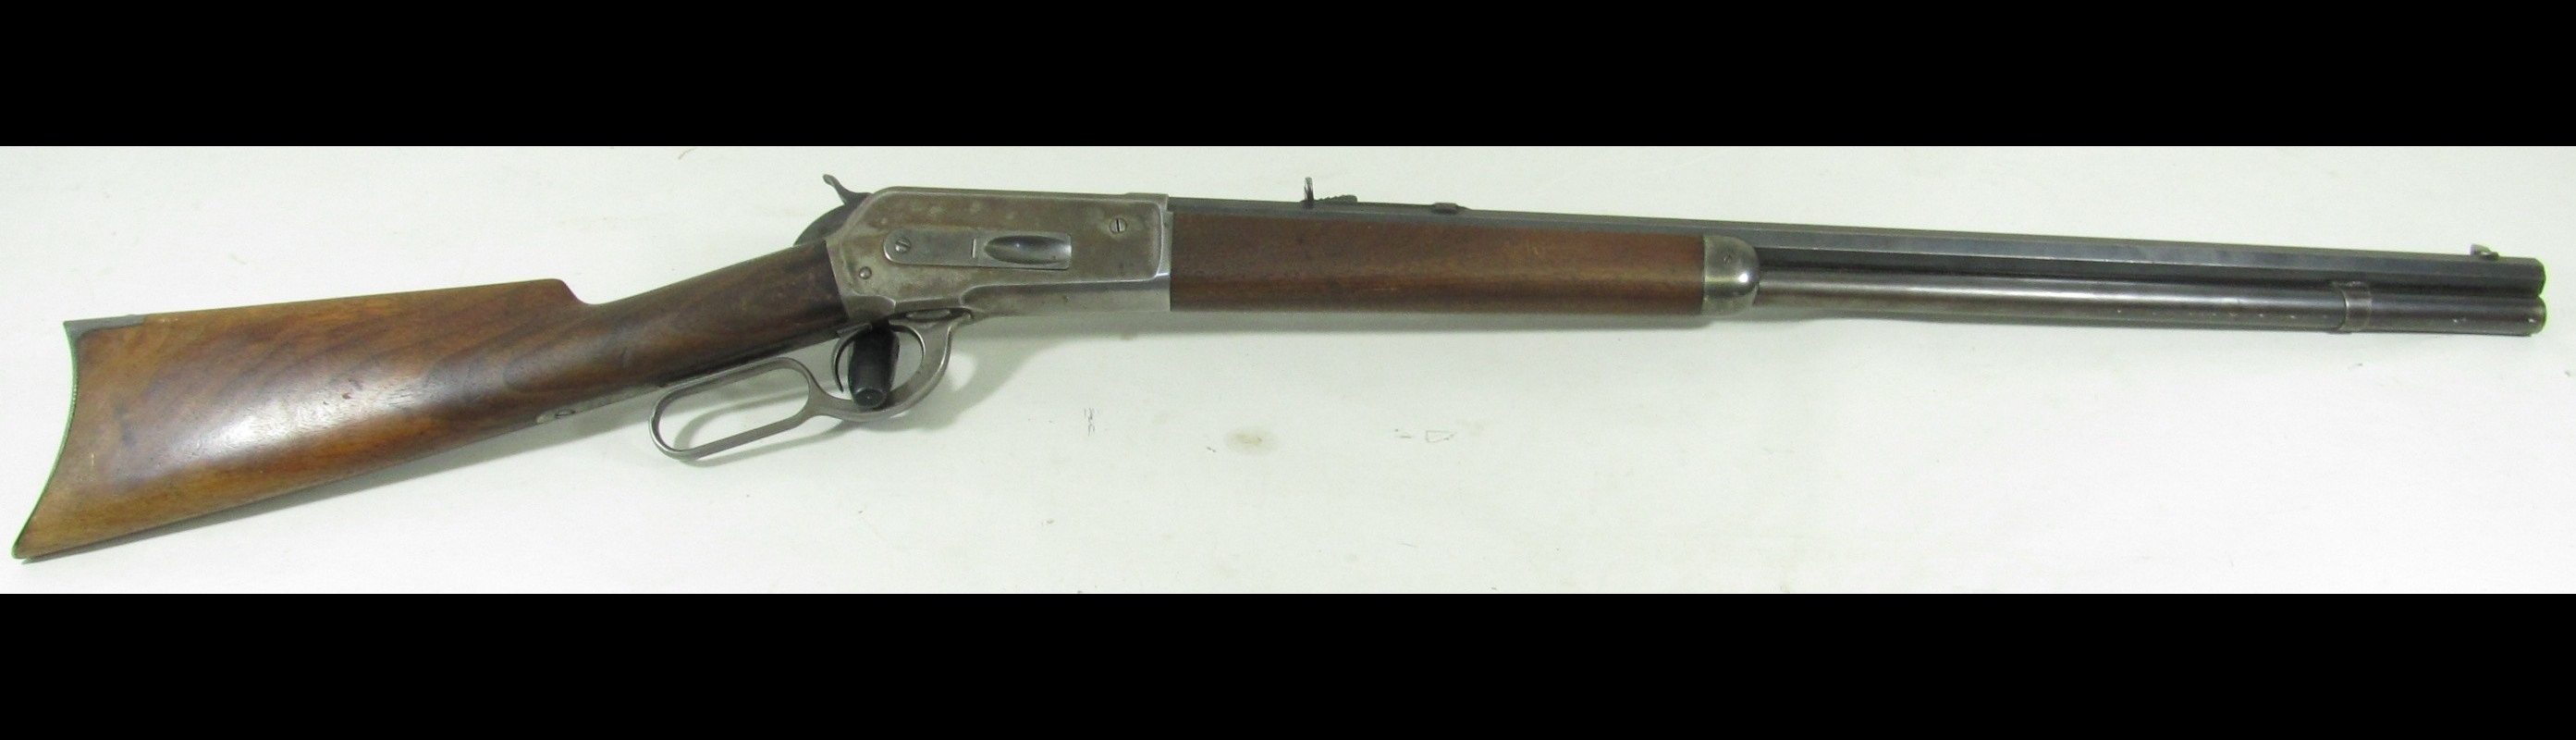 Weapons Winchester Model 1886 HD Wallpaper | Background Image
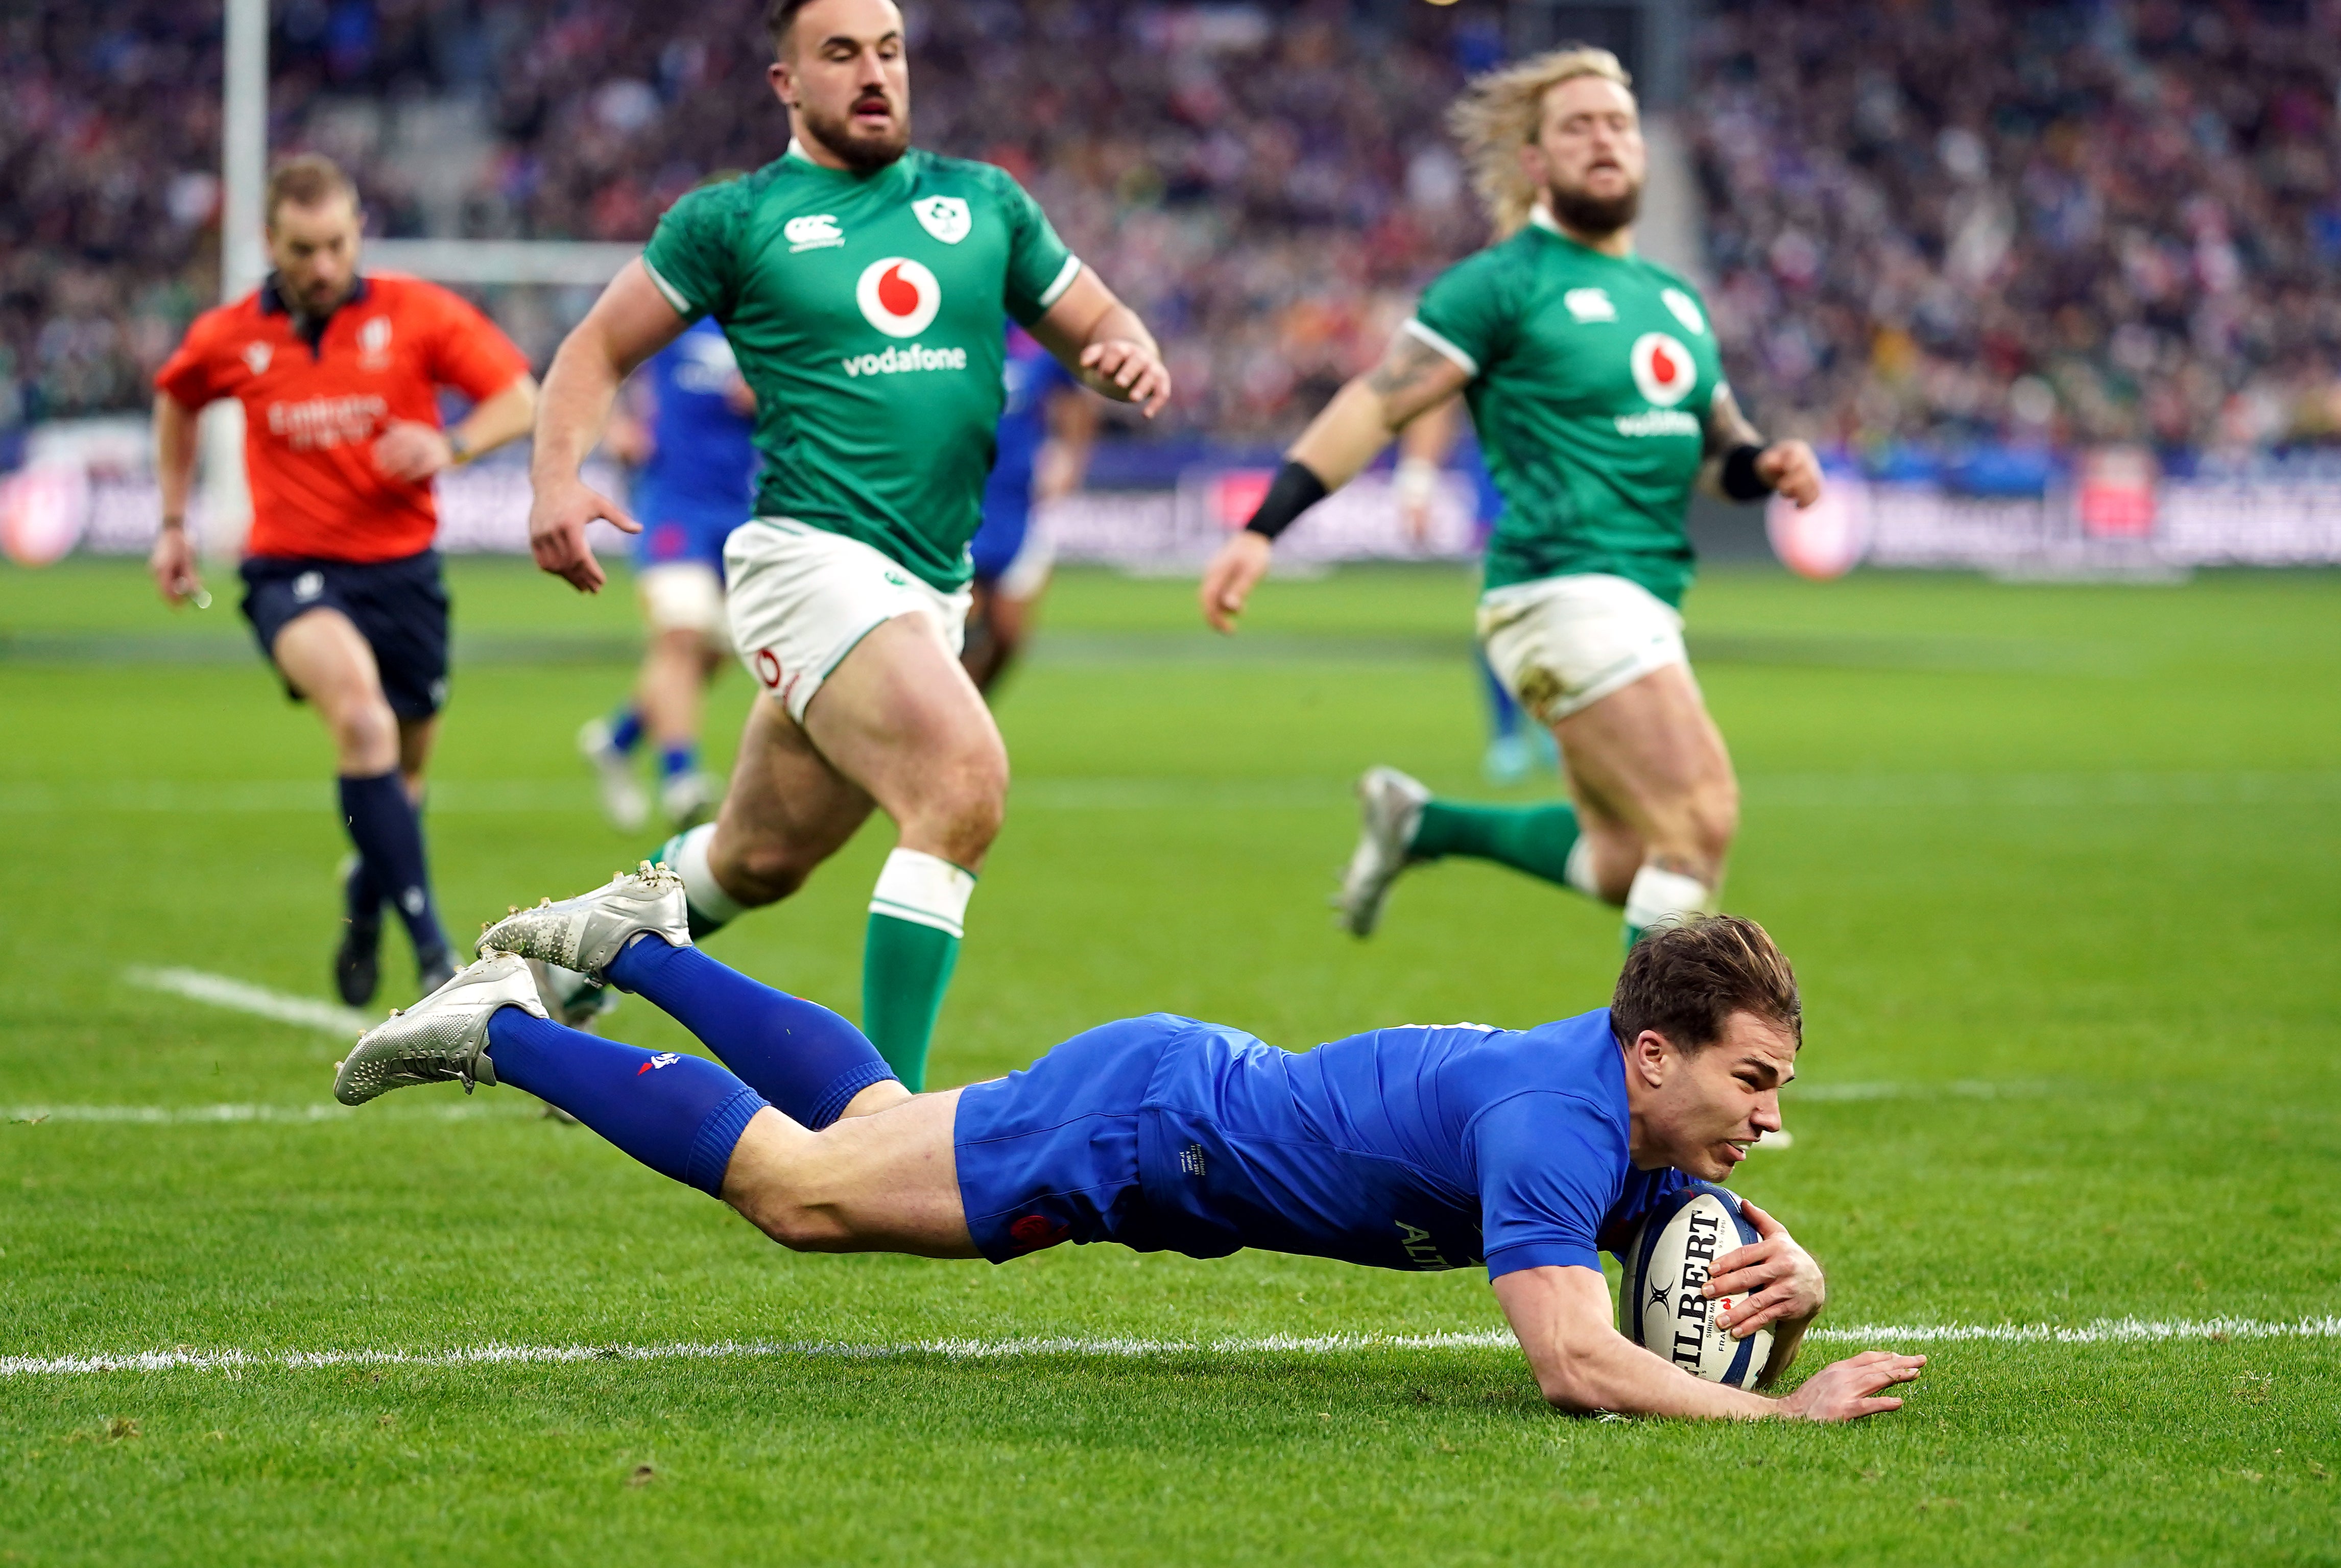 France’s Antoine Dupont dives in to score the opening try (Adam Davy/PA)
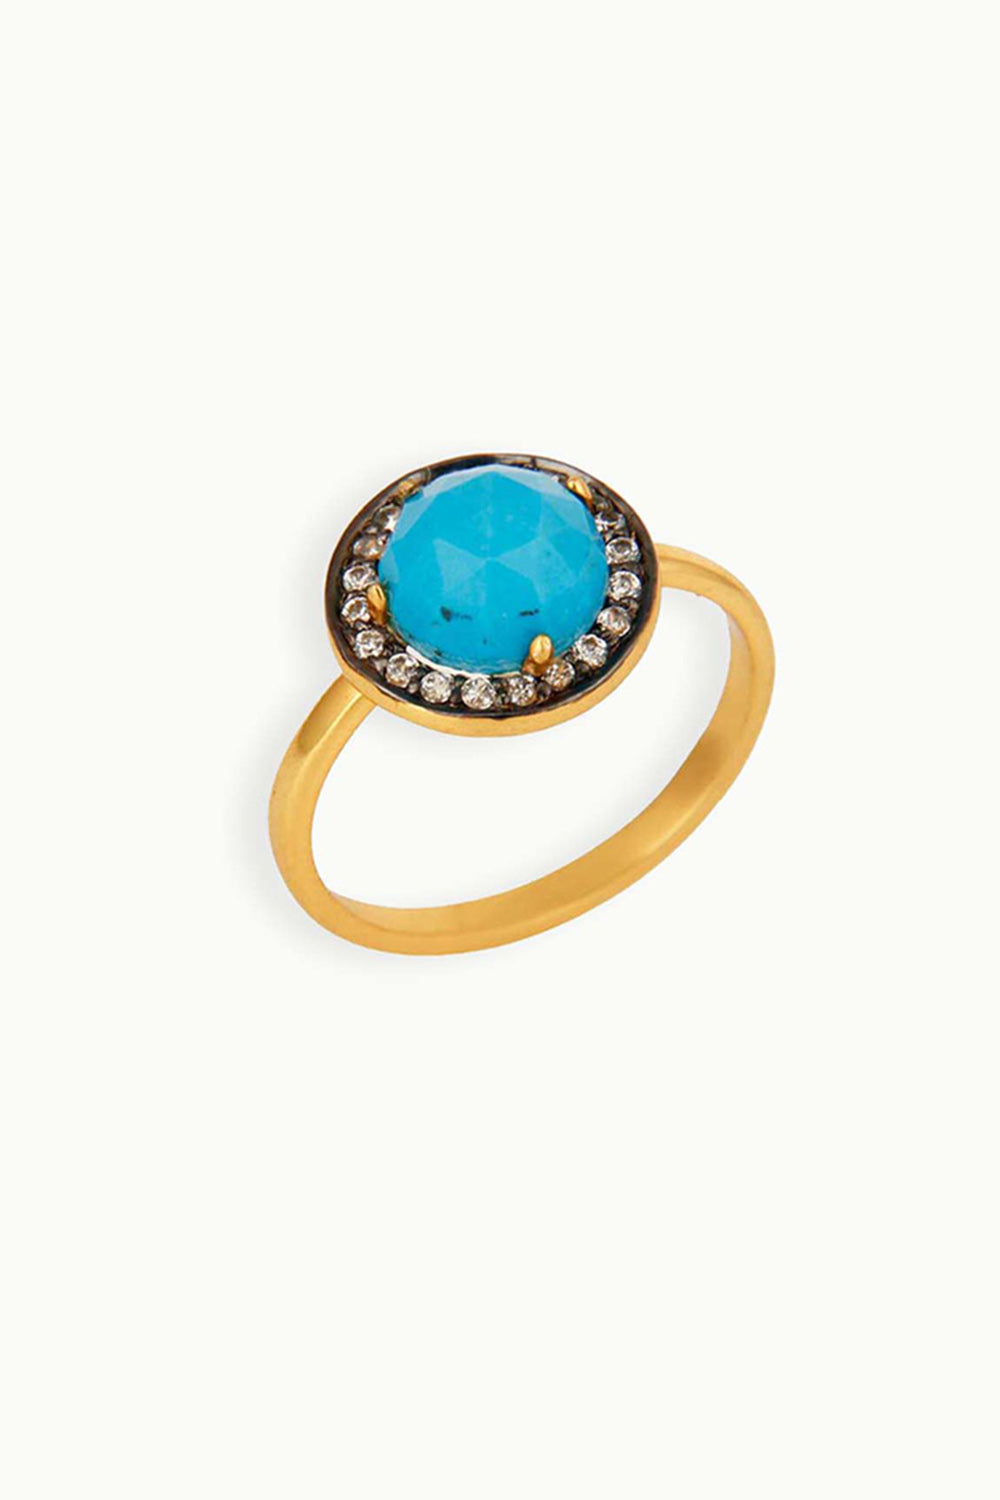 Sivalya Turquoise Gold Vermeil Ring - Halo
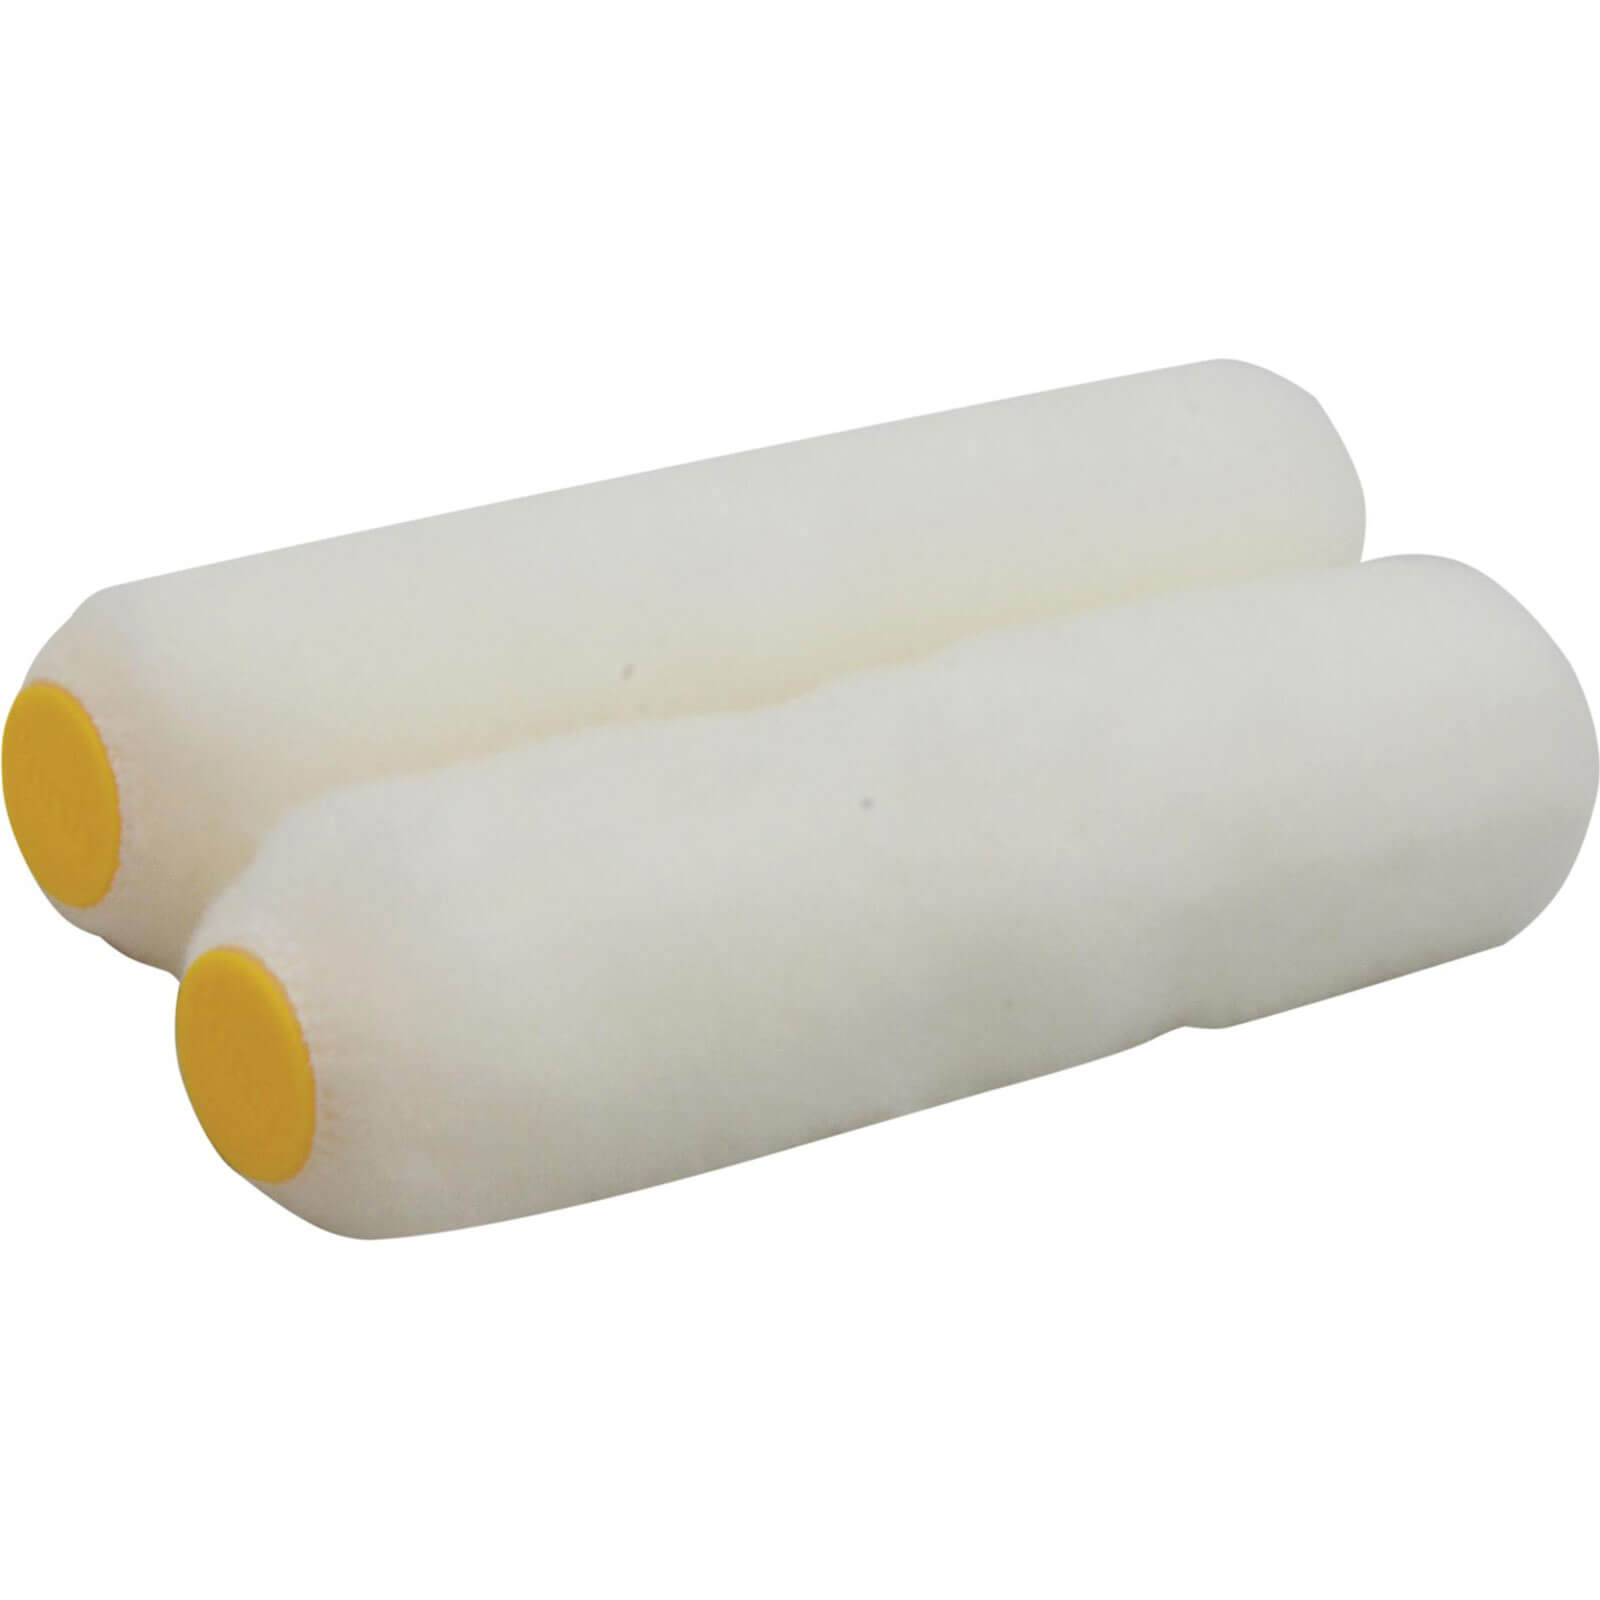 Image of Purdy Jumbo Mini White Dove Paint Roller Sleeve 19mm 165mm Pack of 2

*EXERCISE OBJECTIVE*
Your answer must be the lines from the line containing "France’s Antoine Dupont" through the final line of the data, written out exactly, both ends included and pictures left out.

*SOLVED EXERCISE*
 France’s Antoine Dupont dives in to score the opening try (Adam Davy/PA)
 Sivalya Turquoise Gold Vermeil Ring - Halo
 Image of Purdy Jumbo Mini White Dove Paint Roller Sleeve 19mm 165mm Pack of 2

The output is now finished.